If you switch to a vertex container selector that has implicit vertex index (like vecS):

Live On Coliru

#include <boost/graph/adjacency_list.hpp>

namespace MyLib {
    template <typename VertexProperties, typename EdgeProperties>
    using Graph = boost::adjacency_list<boost::setS, boost::vecS, boost::bidirectionalS, VertexProperties, EdgeProperties>;
}

#include <boost/graph/dijkstra_shortest_paths.hpp>
#include <iostream>

struct VertexProperties { int i; };
struct EdgeProperties { double weight; };

int main() {
    using boost::make_iterator_range;
    using MyGraph = MyLib::Graph<VertexProperties, EdgeProperties>;

    MyGraph g;

    add_vertex({23}, g);
    add_vertex({67}, g);

    add_edge(0, 1, EdgeProperties{ 1.0 }, g);
    add_edge(1, 0, EdgeProperties{ 0.0 }, g);

    for (auto v : make_iterator_range(vertices(g))) {
        std::cout << "Vertex " << g[v].i << "\n";
    }

    for (auto e : make_iterator_range(boost::edges(g))) {
        auto s = source(e, g);
        auto t = target(e, g);

        std::cout << "Edge " << g[s].i << " -> " << g[t].i << " (weight = " << g[e].weight << ")\n";
    }

    // let's find a shortest path:
    std::vector<size_t> predecessors(num_vertices(g));
    std::vector<double> distance(num_vertices(g));

    boost::dijkstra_shortest_paths(g, *vertices(g).first,
            boost::predecessor_map(predecessors.data()).distance_map(distance.data())
            .weight_map(get(&EdgeProperties::weight, g)));
}

Output:

Vertex 23
Vertex 67
Edge 23 -> 67 (weight = 1)
Edge 67 -> 23 (weight = 0)

WAIT - Don't Forget About The Question!

I won't! I think the above shows the problem was an X/Y problem.

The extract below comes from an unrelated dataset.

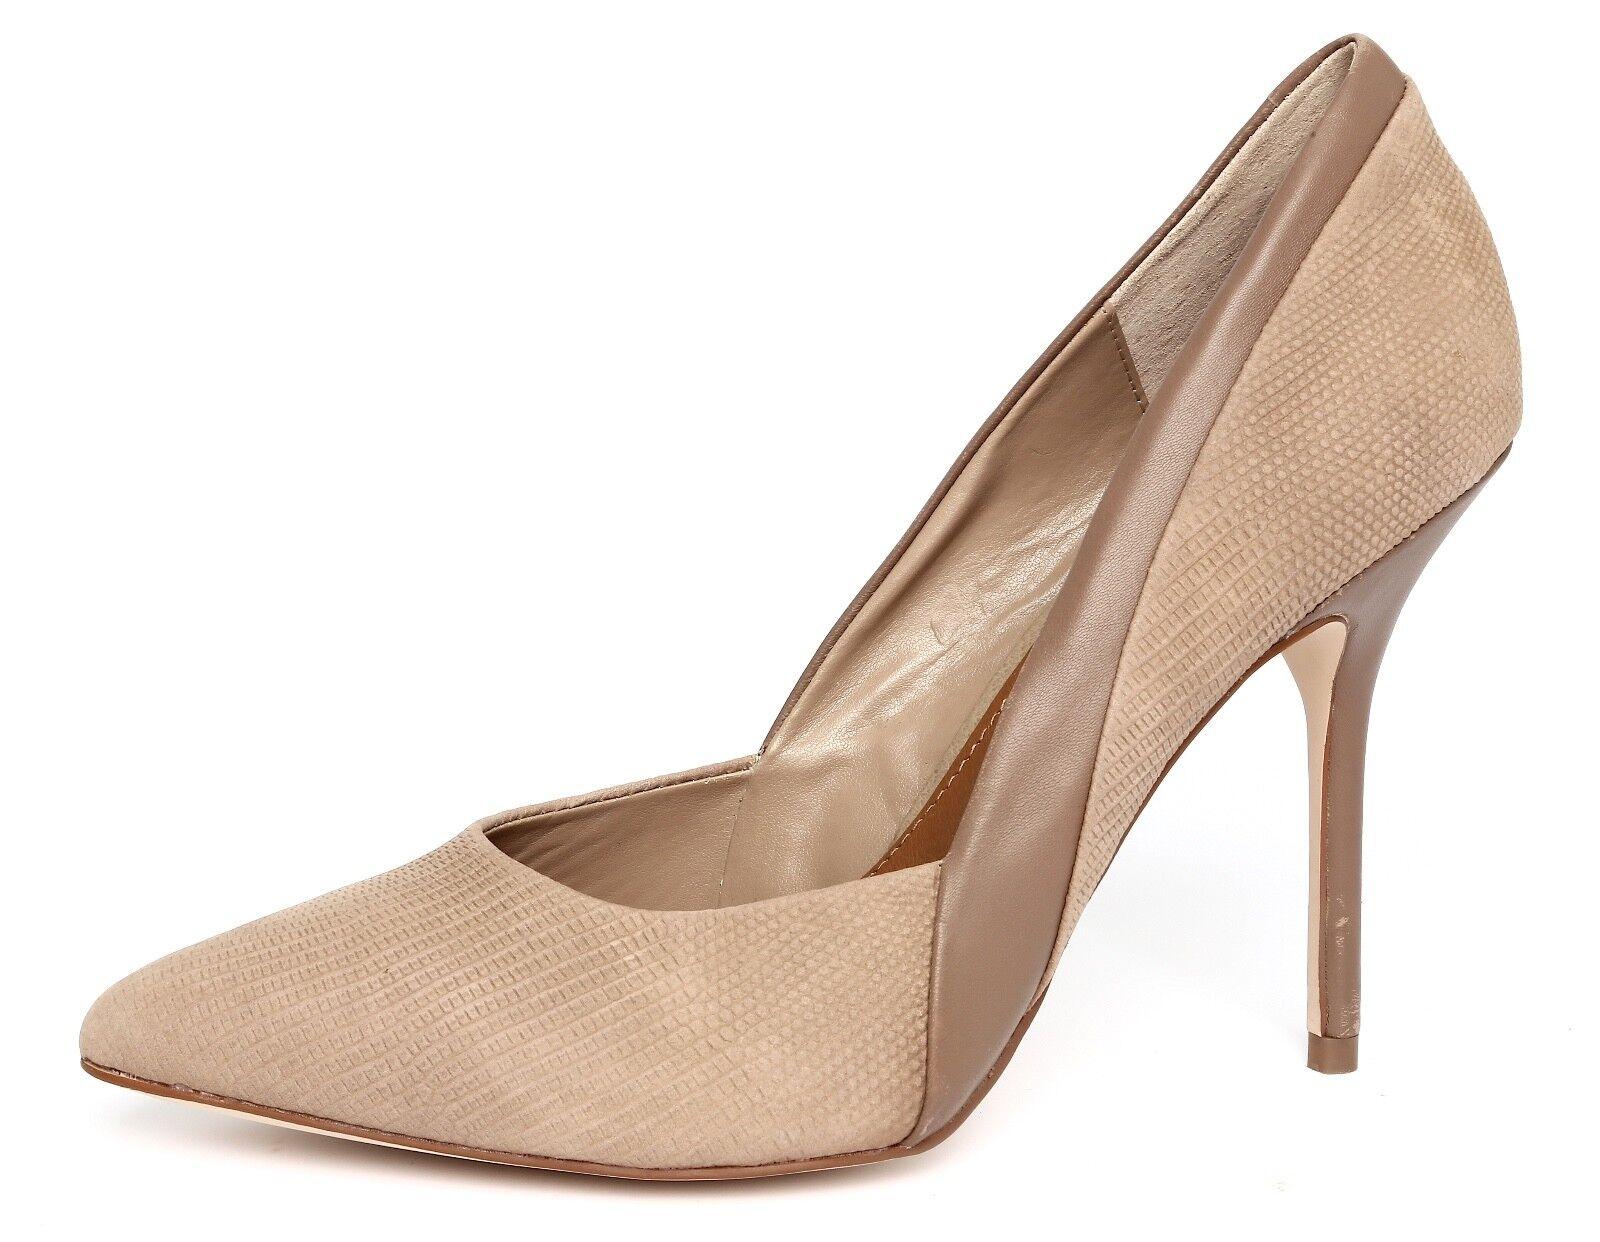 Steve Madden Clydee Taupe femmes Pump Heels 9.5B 4028
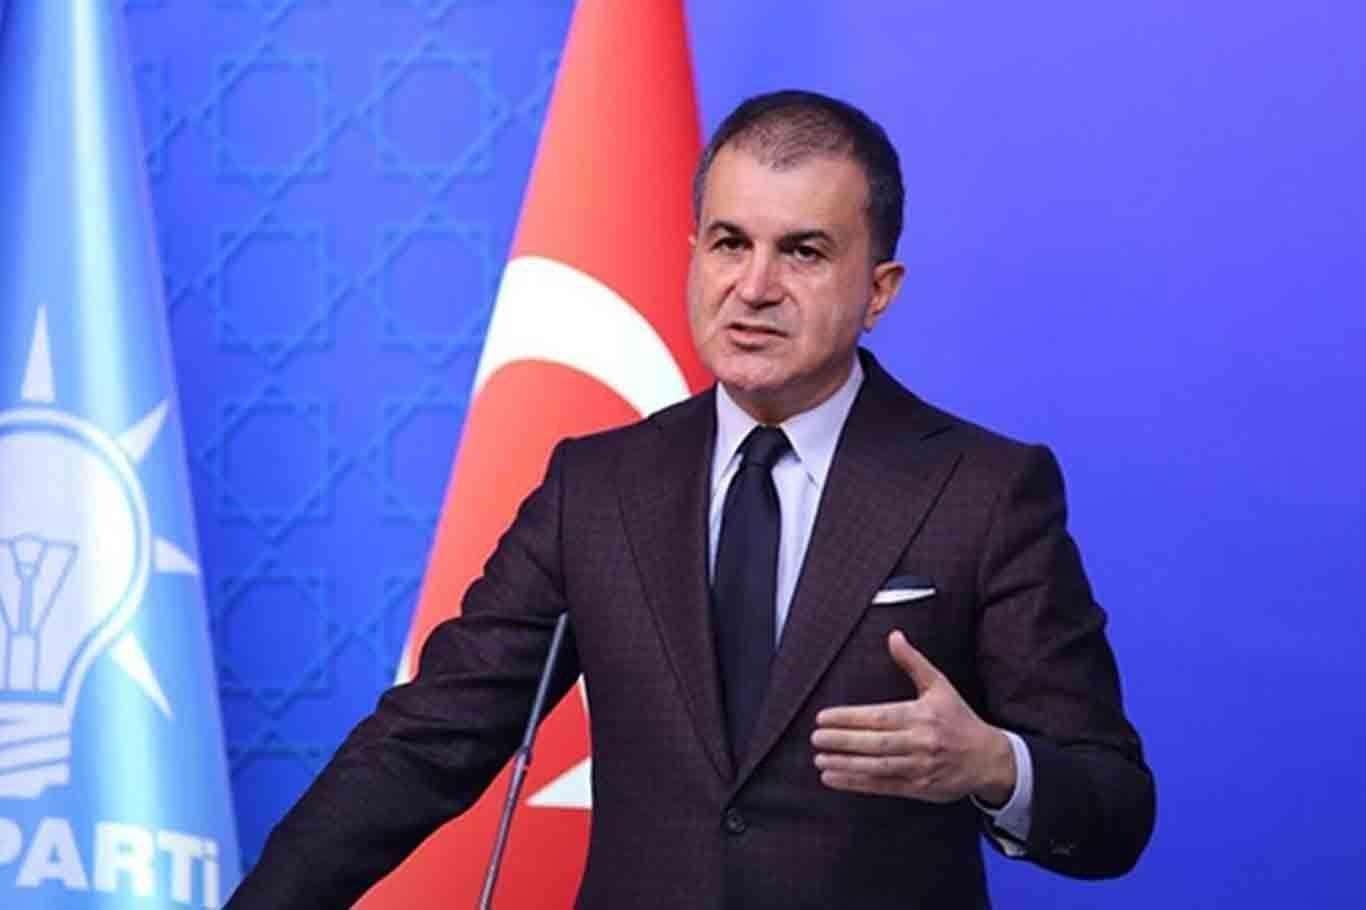 AK Parti Sözcüsü Çelik: Siyasi cinayet spekülasyonları ilkesiz ve utanç verici

If you hadn't had the handicap of custom class wrapping, detecting duplicate edges was a given (see if add_vertex in BGL checks for the existence of the vertex for background):

struct { size_t from, to; double weight; } edge_data[] = {
    {0, 1, 1.0}, 
    {1, 0, 0.0}, 
    {0, 1, 99.999} // oops, a duplicate
};
for(auto request : edge_data) {
    auto addition = add_edge(request.from, request.to, { request.weight }, g);
    if (!addition.second) {
        auto& weight = g[addition.first].weight;
        std::cout << "Edge already existed, changing weight from " << weight << " to " << request.weight << "\n";
        weight = request.weight;
    }
}

This will print Live On Coliru:

Edge already existed, changing weight from 1 to 99.999

If you prefer you can of course write things more expressively:

Graph::edge_descriptor e;
bool inserted;
boost::tie(e, inserted) = add_edge(request.from, request.to, { request.weight }, g);

Or, with some c++17 flair:

auto [e, inserted] = add_edge(request.from, request.to, { request.weight }, g);

More From Here

Also, in all likelihood you need to do uniqueness checks on the vertices too, so you end up with graph creation code like you can see in this answer: Boost BGL BFS Find all unique paths from Source to Target

Graph read_graph() {
    std::istringstream iss(R"(
        0 1 0.001
        0 2 0.1
        0 3 0.001
        1 5 0.001
        2 3 0.001
        3 4 0.1
        1 482 0.1
        482 635 0.001
        4 705 0.1
        705 5 0.1
        1 1491 0.01
        1 1727 0.01
        1 1765 0.01)");

    Graph g;
    std::map<int,Vertex> idx; // temporary lookup of existing vertices

    auto vertex = [&](int id) mutable {
        auto it = idx.find(id);
        if (it != idx.end())
            return it->second;
        return idx.emplace(id, add_vertex(id, g)).first->second;
    };

    for (std::string line; getline(iss, line);) {
        std::istringstream ls(line);
        int s,t; double w;
        if (ls >> s >> t >> w) {
            add_edge(vertex(s), vertex(t), w, g);
        } else {
            std::cerr << "Skipped invalid line '" << line << "'\n";
        }
    }

    return g;
}

Other examples show how you can insert both a -> b and b -> a while maintaining a mapping between the forward and back edges: Accessing specific edges in boost::graph with integer index

Summary

Coming full circle, I recommend getting acquainted with the newer, more elegant Boost Graph features. In the end, it's perfectly normal to encapsulate your graph, and you might end up with an even more polished interface.